Ginny Smith - Can everyone give him a round of applause please? What's your name?

Younas - Younas

Ginny - Younas and where have you come from today? Where do you live?

Younas - Here in Cambridge.

Ginny - In Cambridge, brilliant. Now, we're going to get you to do a little bit of exercise today during the show. So, what do you want him to do, Dave?

Dave - So, what I've got over here is a generator. It's got a handle on it and when you wind the handle, you produce some power. At the moment, that's rigged to just heat up some air, so you're going to be warming up the room for us a bit. But I'm going to work at how much energy you've used in that time and convert that to chocolate bars. Okay, so we're going to get you winding that handle for about 10 minutes and see how many chocolate bars you've burnt. So, do you want to start winding the handle for me, at a speed which you think you can keep up for a while. That's brilliant and yep he's generating about 10, 15 watts of power at the moment which is pretty good going. We'll leave you going Younas for a bit and we'll come back to you later.

Ginny - So, on the screen, I can see a whole load of different numbers but on the left hand side, can you see that it says Mars bars? So, that's how much of a Mars bar he's burning. So, we're going to watch that number and see how many Mars bars he earns in the course of this experiment.

Chris - Are you feeling tired yet?

Younas - No.

Chris - He says no. Give it 10 minutes or so. Well, let's talk to Dan Gordon because you ought to tell people, you have quite a good track record in sport . Tell people what you do.

Dan - That's quite a good pun. Yeah, I was an international track cyclist. I used to race tandems on the velodrome. So, that banked cycling track, but rather than use just one person on a bike, we had two.
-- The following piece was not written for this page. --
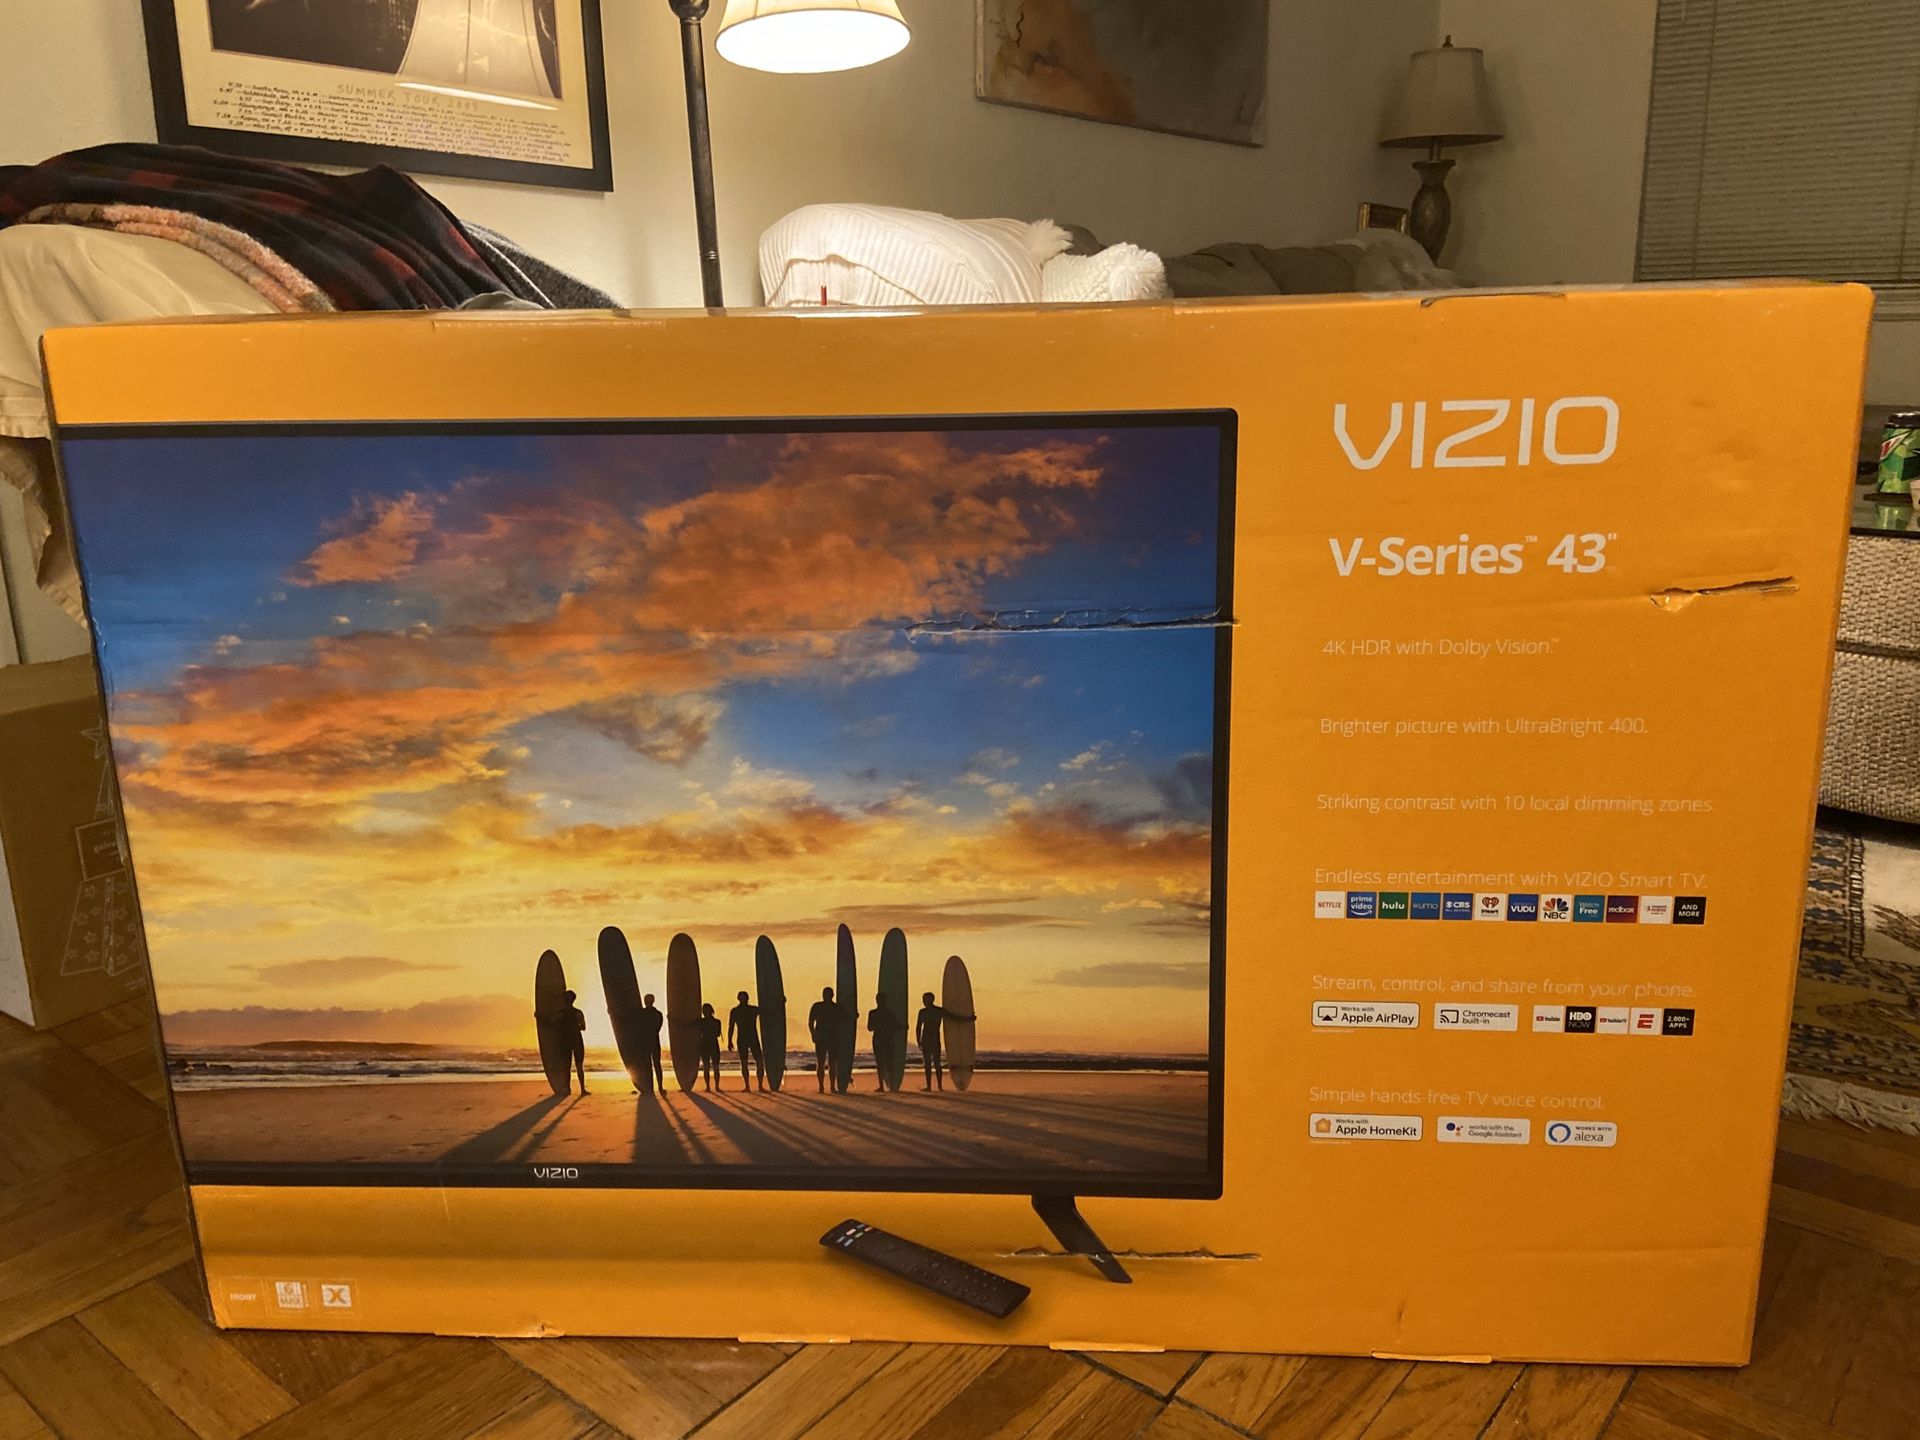 VIZIO 43” 4K HDR Smart TV V-Series *NEW IN BOX*

Chris - Isn't that cheating?

Dan - Yes, it is slightly. It was quite good, I got to put my feet up on the back and the guy at the front just pedalled really.

Chris - But did you get any records?

Dan - Yeah, I held two world records and I still hold one world record.

Chris - Which one?

Dan - I hold the world record for a kilometre outdoors which has stood since 2003.

Chris - Wow! He's got to get a clap for that, surely. Are you really nervous then every time the Olympics comes around? Are you thinking, "Oh no! They might get my record"?

Dan - No. I get quite anxious actually and particularly in London, a lot of the guys racing, are the guys I used to race with. In fact, the guy I used to ride the tandem is still racing. It's quite hard to be sitting on the other side of the barrier and I've got kind of itchy feet, particularly with about 4 months to go and I did announce to my wife that I thought I might make a comeback. I got shouted down very quickly, but yeah. I'm not worried about the record going. That's what they're there for.

Chris - So, how fast are you going on those bikes?

Dan - For the kilometre time trial, it's about 60 km an hour. So, in old money it's about 43 miles an hour.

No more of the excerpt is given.